Source data section start

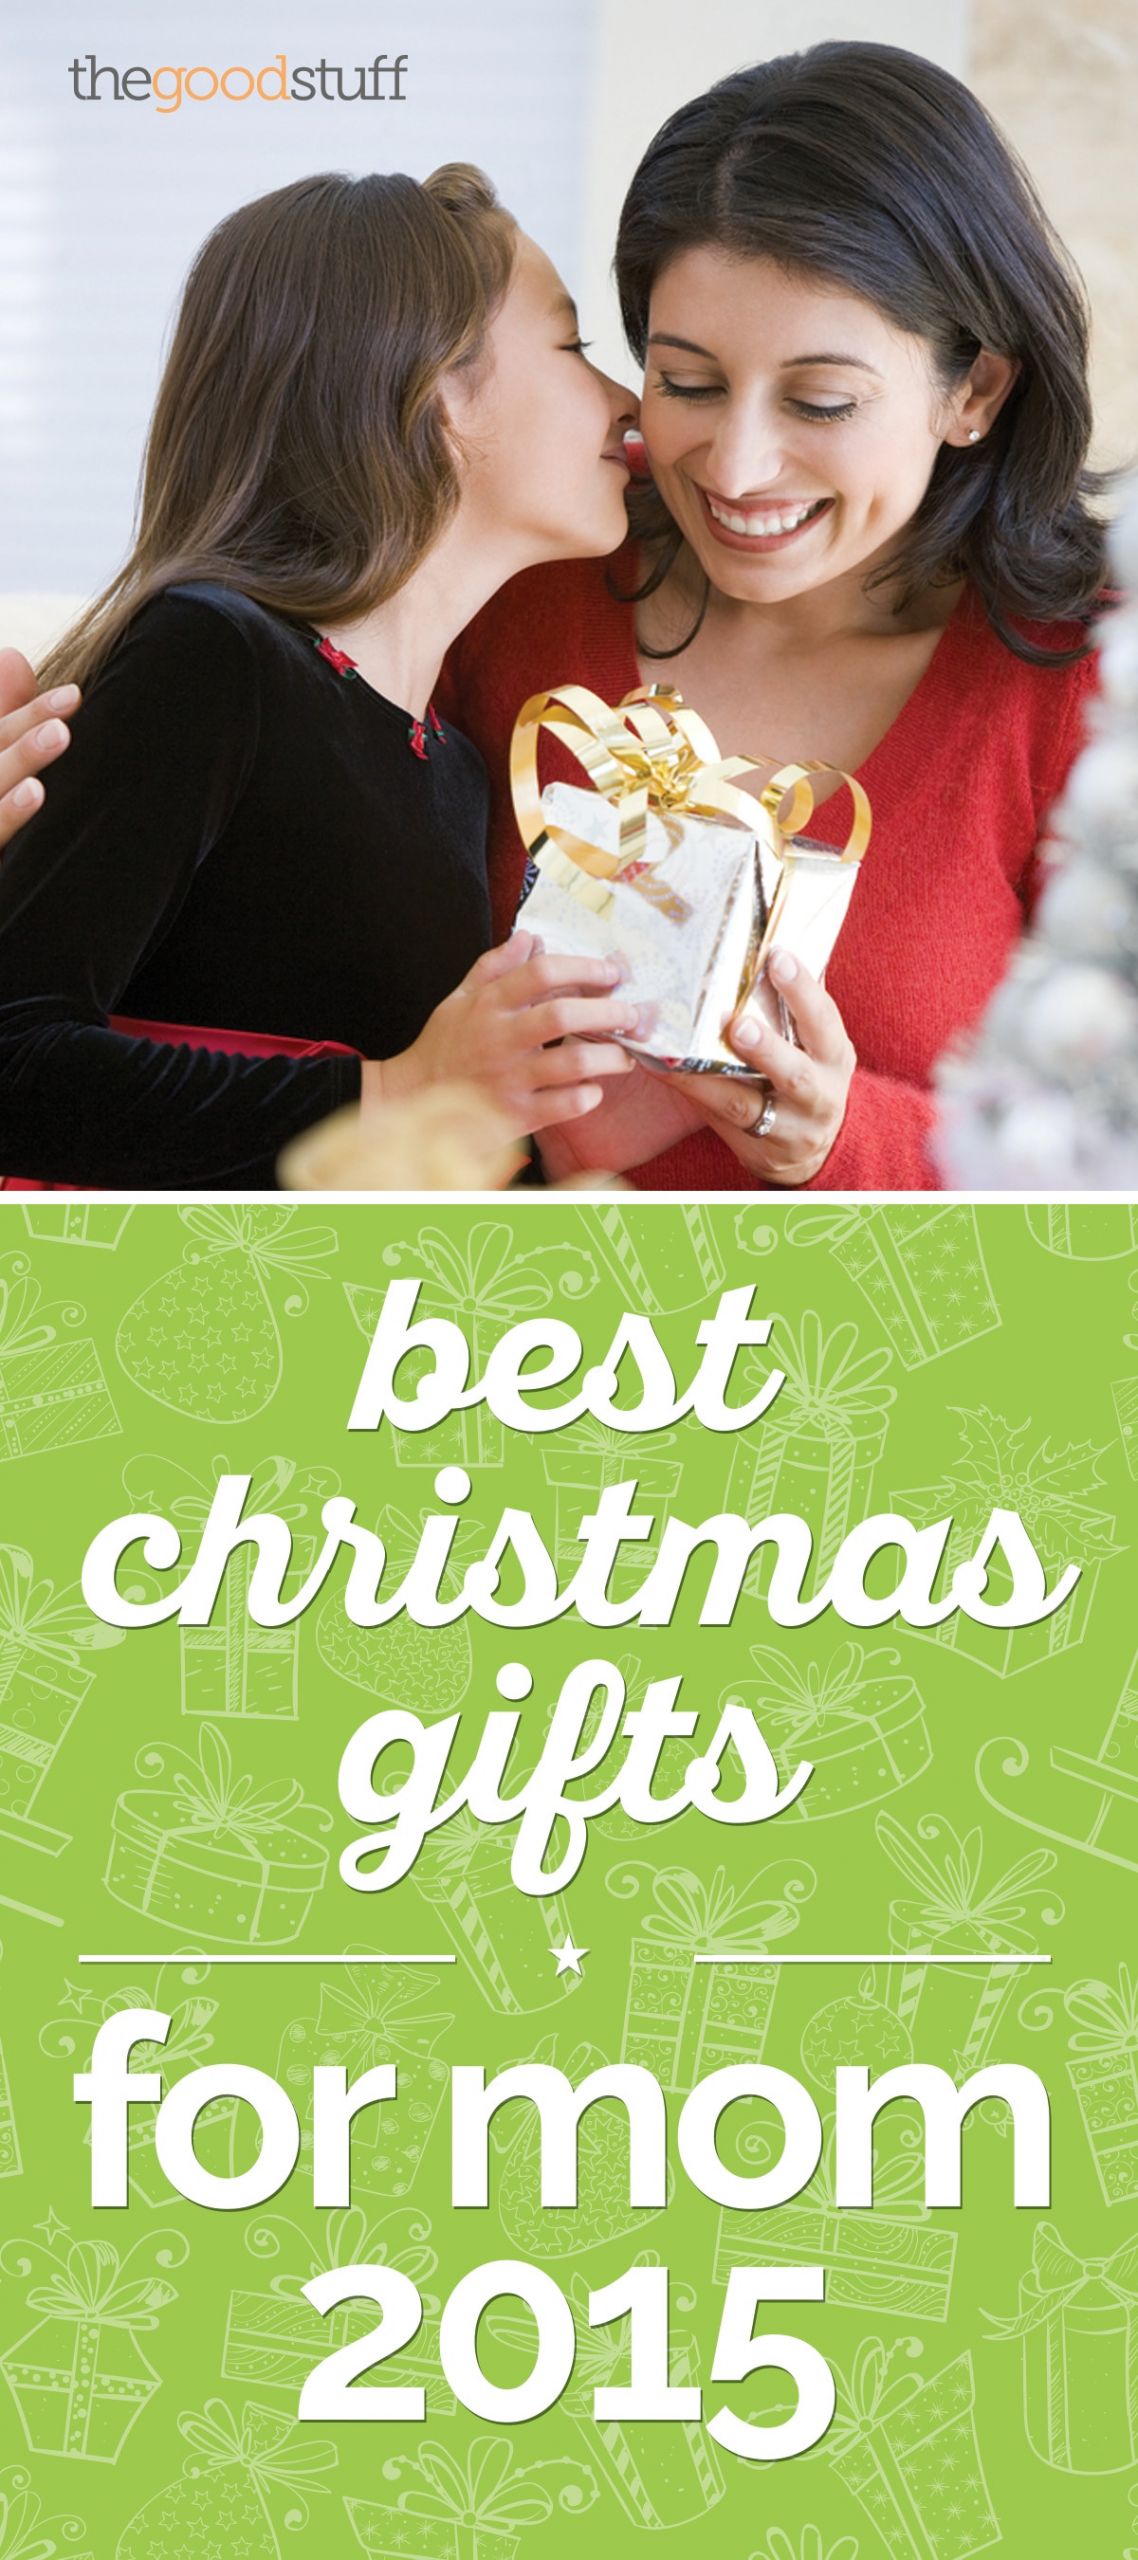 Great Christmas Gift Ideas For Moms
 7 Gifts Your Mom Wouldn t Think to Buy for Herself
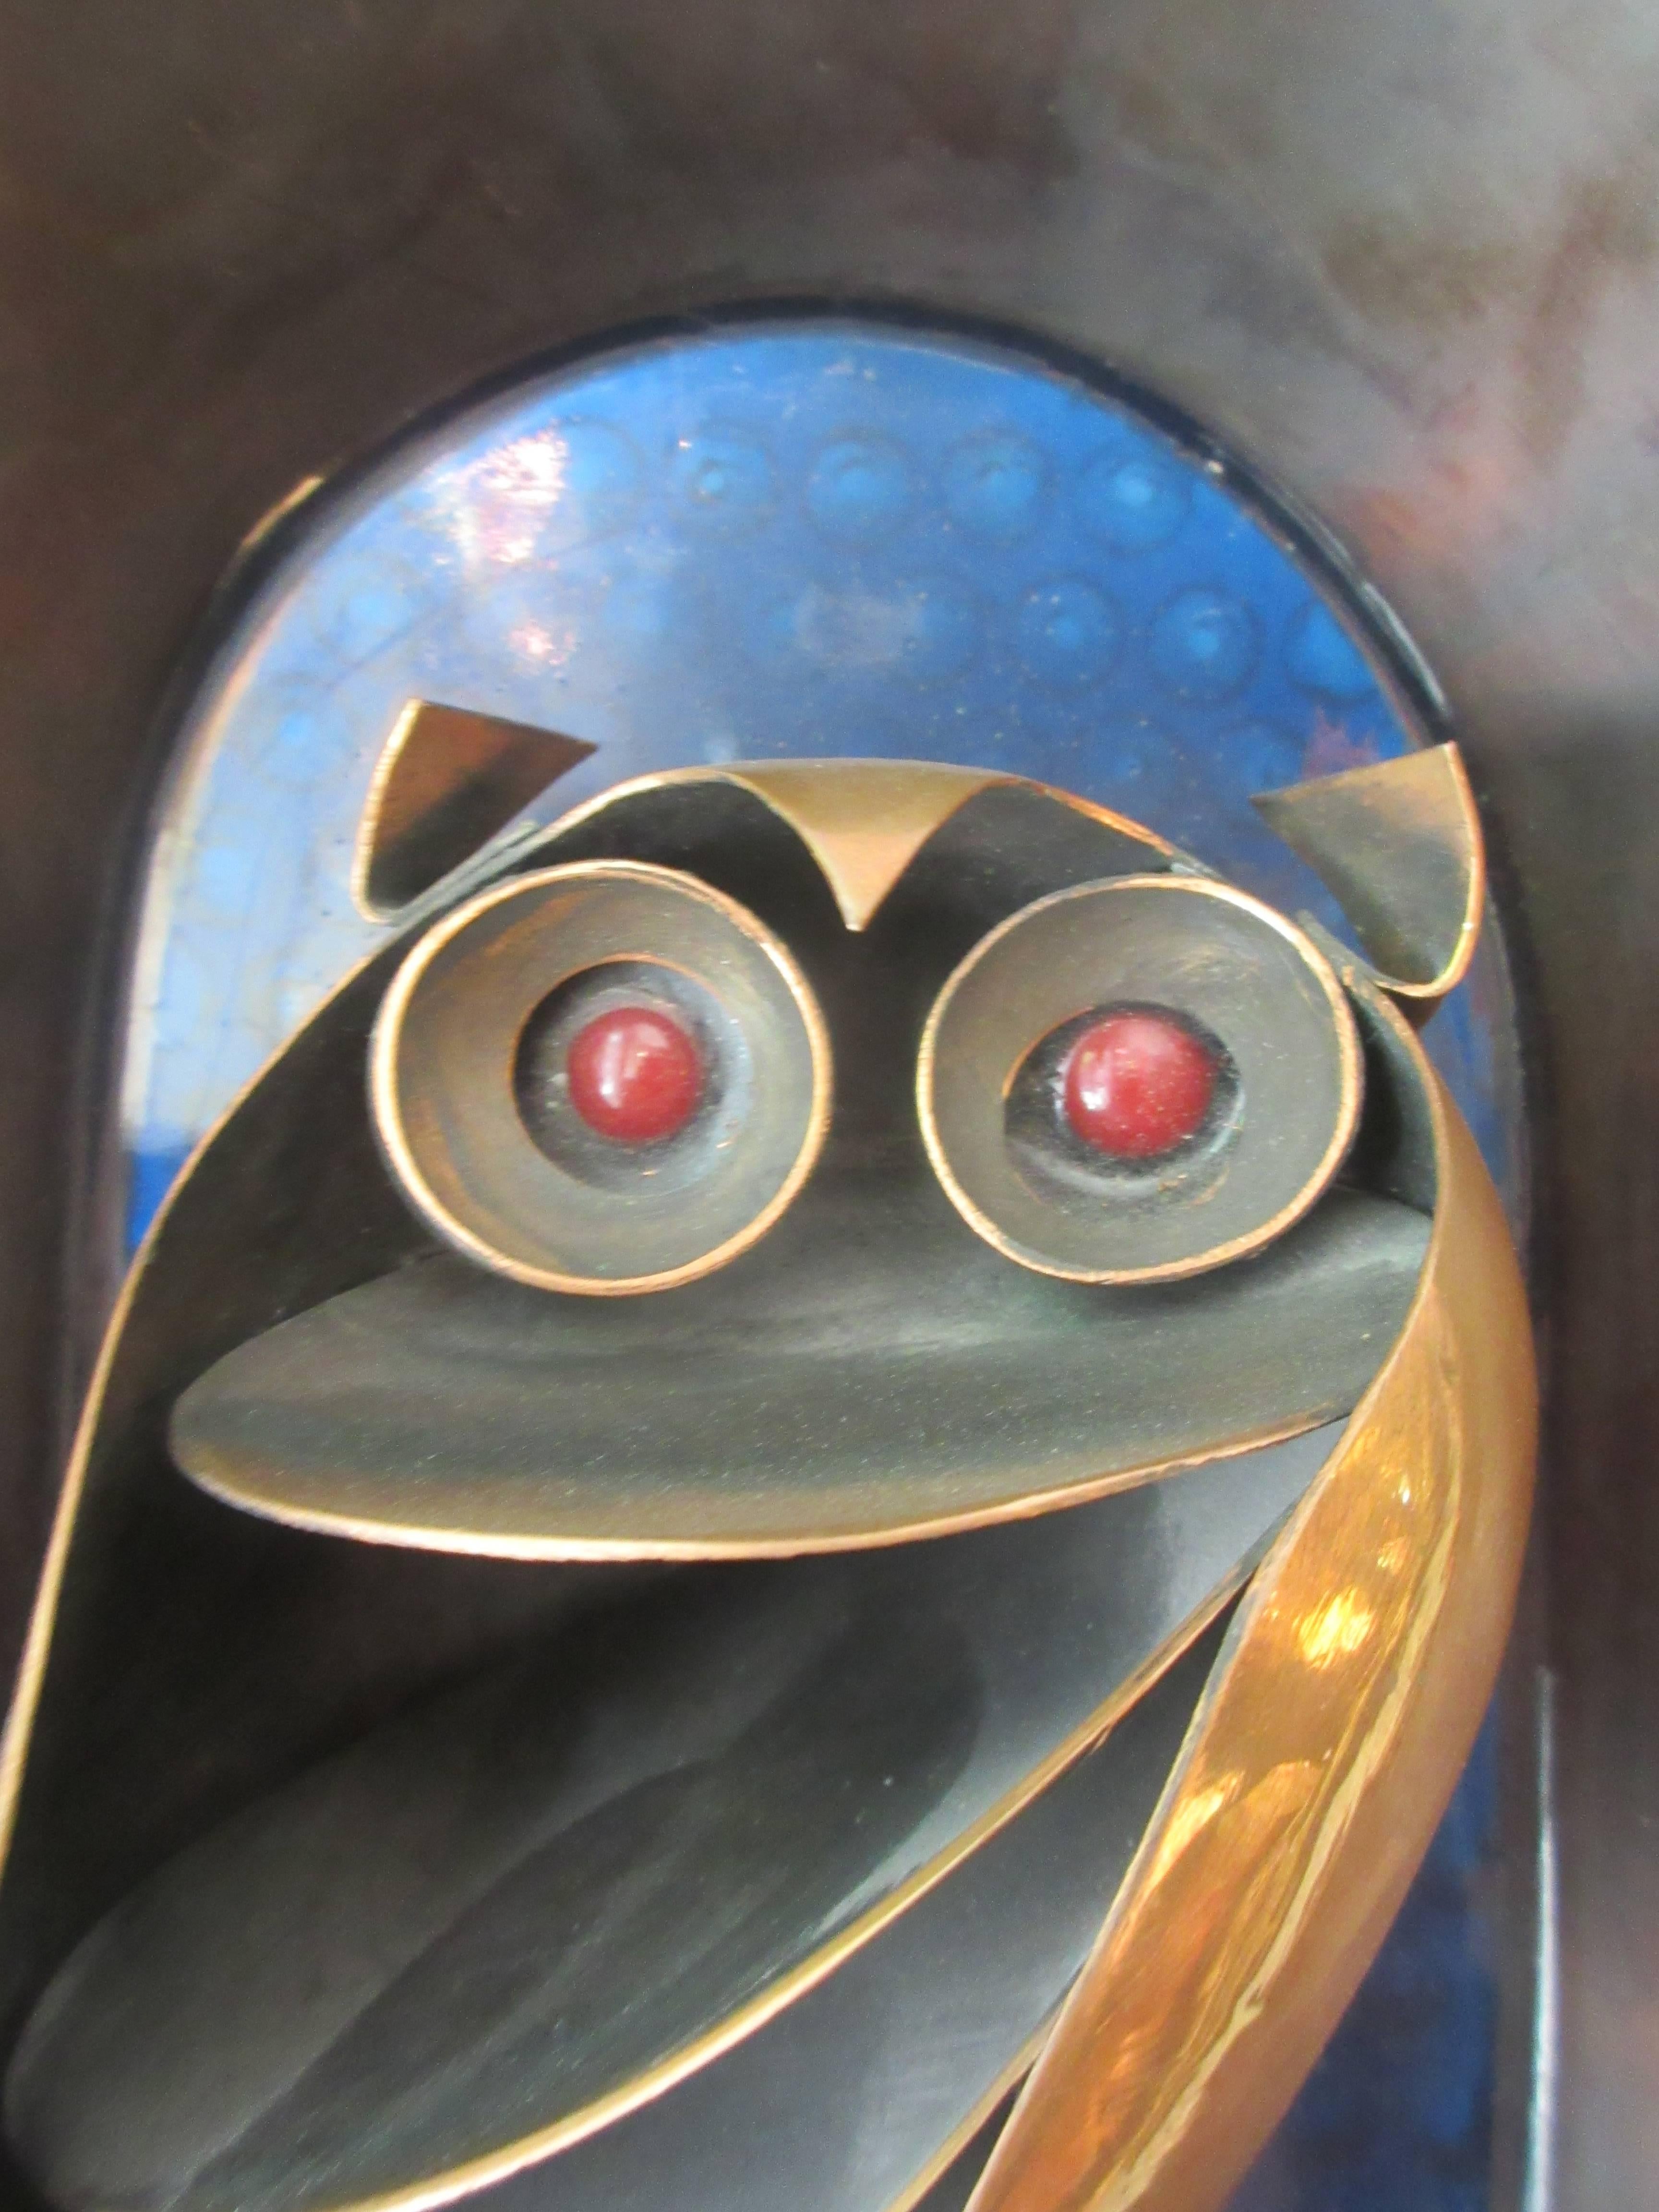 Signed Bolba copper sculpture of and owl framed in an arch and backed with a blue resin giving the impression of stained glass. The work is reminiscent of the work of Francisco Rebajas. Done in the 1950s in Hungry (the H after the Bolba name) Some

Source data section end

* Work item:
Images are not wanted in the copy. Please print the material above exactly.

* Written answer:
 Great Christmas Gift Ideas For Moms
 7 Gifts Your Mom Wouldn t Think to Buy for Herself
 Signed Bolba copper sculpture of and owl framed in an arch and backed with a blue resin giving the impression of stained glass. The work is reminiscent of the work of Francisco Rebajas. Done in the 1950s in Hungry (the H after the Bolba name) Some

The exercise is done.